Barrier 1 – Strategy that is too lofty and non-pragmatic: Many times, the strategic direction sounds good on paper but it is way too lofty. It is not pragmatic. A direction that is not pragmatic will not move people to action. Vision is a compelling picture of a future state that inspires people to perform. Strategic direction needs to be wrapped into that vision so that it gets off of the paper, off of the posters and out into the trenches where people work. This will start the process of getting the desired results. It is the direction, not intentions, that determines your organization’s ultimate destiny.
Barrier 2 – Overly focused on immediacy: Because of the incredibly fast pace of business in today’s world, it is easy for leaders to get preoccupied with the immediate and urgent things that are in front of them and lose sight of their main outcomes and objectives. Like the story of the little boy trying to put his finger in the dike, leaders can get caught up in moving from one emergency to the next, to the next, to the next. The immediacy of the next report or the next meeting keeps leaders from making sure that they pull back and stay focused on where they want to go. A strong strategy provides the framework for effective decisions.
Barrier 3 – Doing what we like to do: The third barrier that keeps leaders from implementing strategic direction is the trap of getting wrapped up in doing the things leaders like to do instead of the things the strategic direction is calling for. Think of it this way, if the strategic direction could talk, what would it be asking to be done today? The answer to this question will determine decisions, establish proper priorities and clarify the next appropriate step to take. Leaders should only be focused on task no one else can do. If someone else can do the task, delegate it, monitor the outcomes, make appropriate corrections and celebrate progress.

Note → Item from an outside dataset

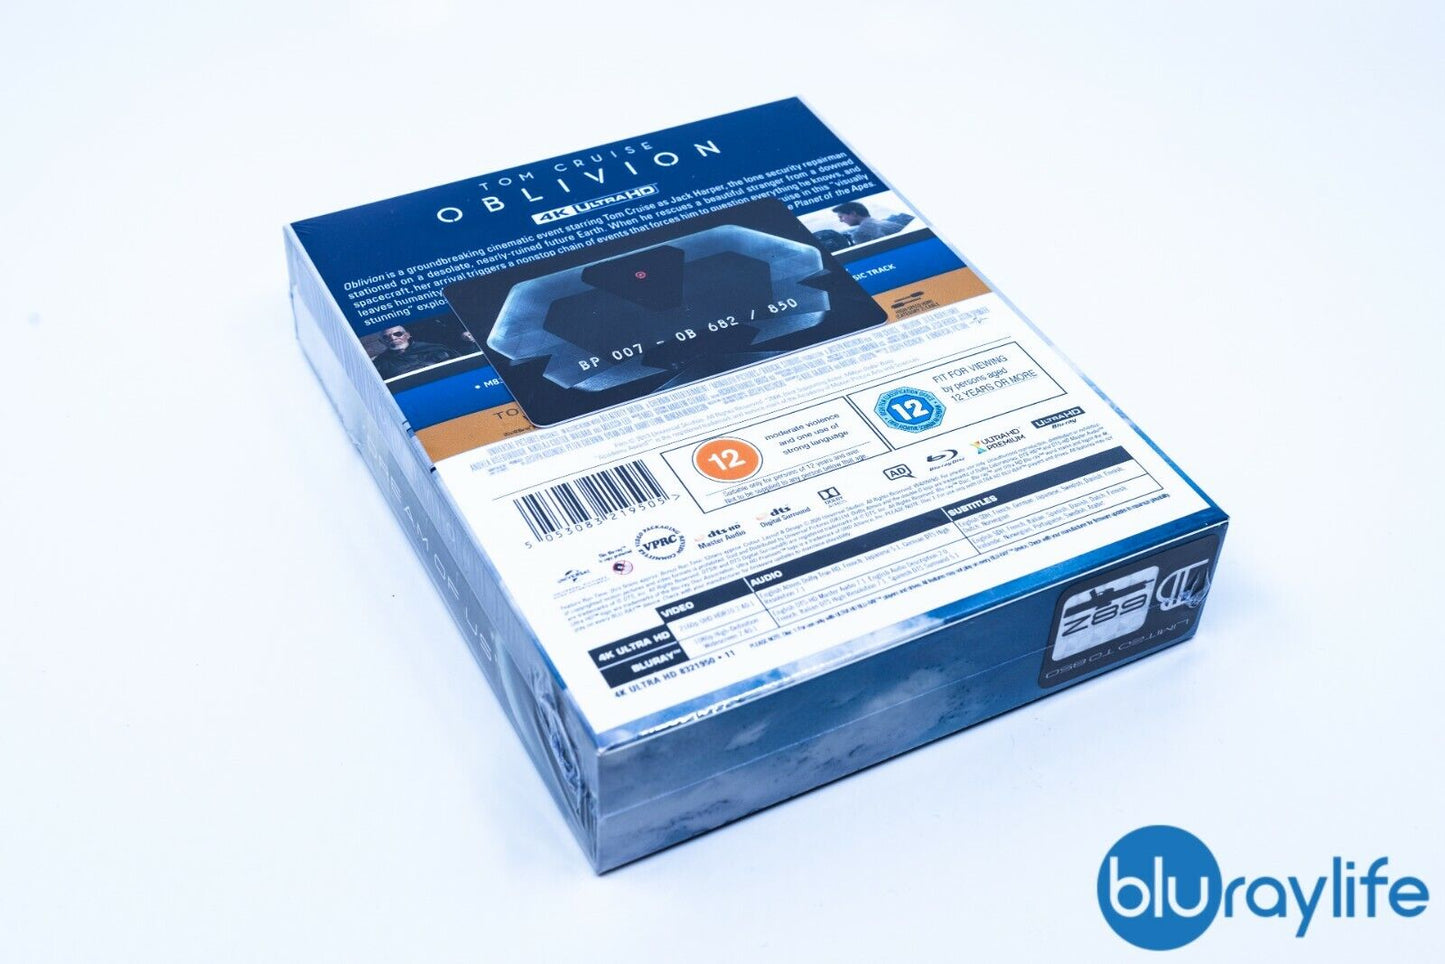 Oblivion 4K Blu-ray Steelbook EverythingBlu BP#007 Exclusive Full Slip

Barrier 4 – Lack of congruency at the top and commitment from the middle: It is important to have buy-in from the middle. Many postulate that leadership starts at the top maintaining that what is at the top is what filters down. There is certainly truth contained in that axiom. However, if there is not buy-in at the middle level of leadership, the implementation of the direction will be thwarted and ultimately blocked. It is important to have congruence at the top, so as a senior leadership group, there is a clarion message that is common to all top leaders. Otherwise, mixed messages will be sent. When there is a commitment at the middle level with congruency from the top, the lower level of leadership will help catapult strategy into success.
Barrier 5 – Not reviewing often enough: The last barrier that impairs consistent implementation is caused simply by not revisiting the strategy consistently. The consequence of this lack of continual review results in a loss of focus, creating the calamity of operating in a dense fog. If strategic direction is not kept front and center, the forward driving force of the implementation is forfeited. Organizations and people move towards what they are focused on. Without this regular focus on strategic direction, efficient and effective implementation is impeded, if not stopped altogether.
Strategy implementation can be a long process. To implement strategic direction, first pinpoint clear messaging that is vibrant, specific and memorable. If implementation is going to be embraced and enacted, marketing your message internally to your team to facilitate buy-in from top to bottom is a critical necessity. Secondly, identify tangible milestones. Have definable indicators of the targeted results of each step of implementation and build in accountability measures for each milestone.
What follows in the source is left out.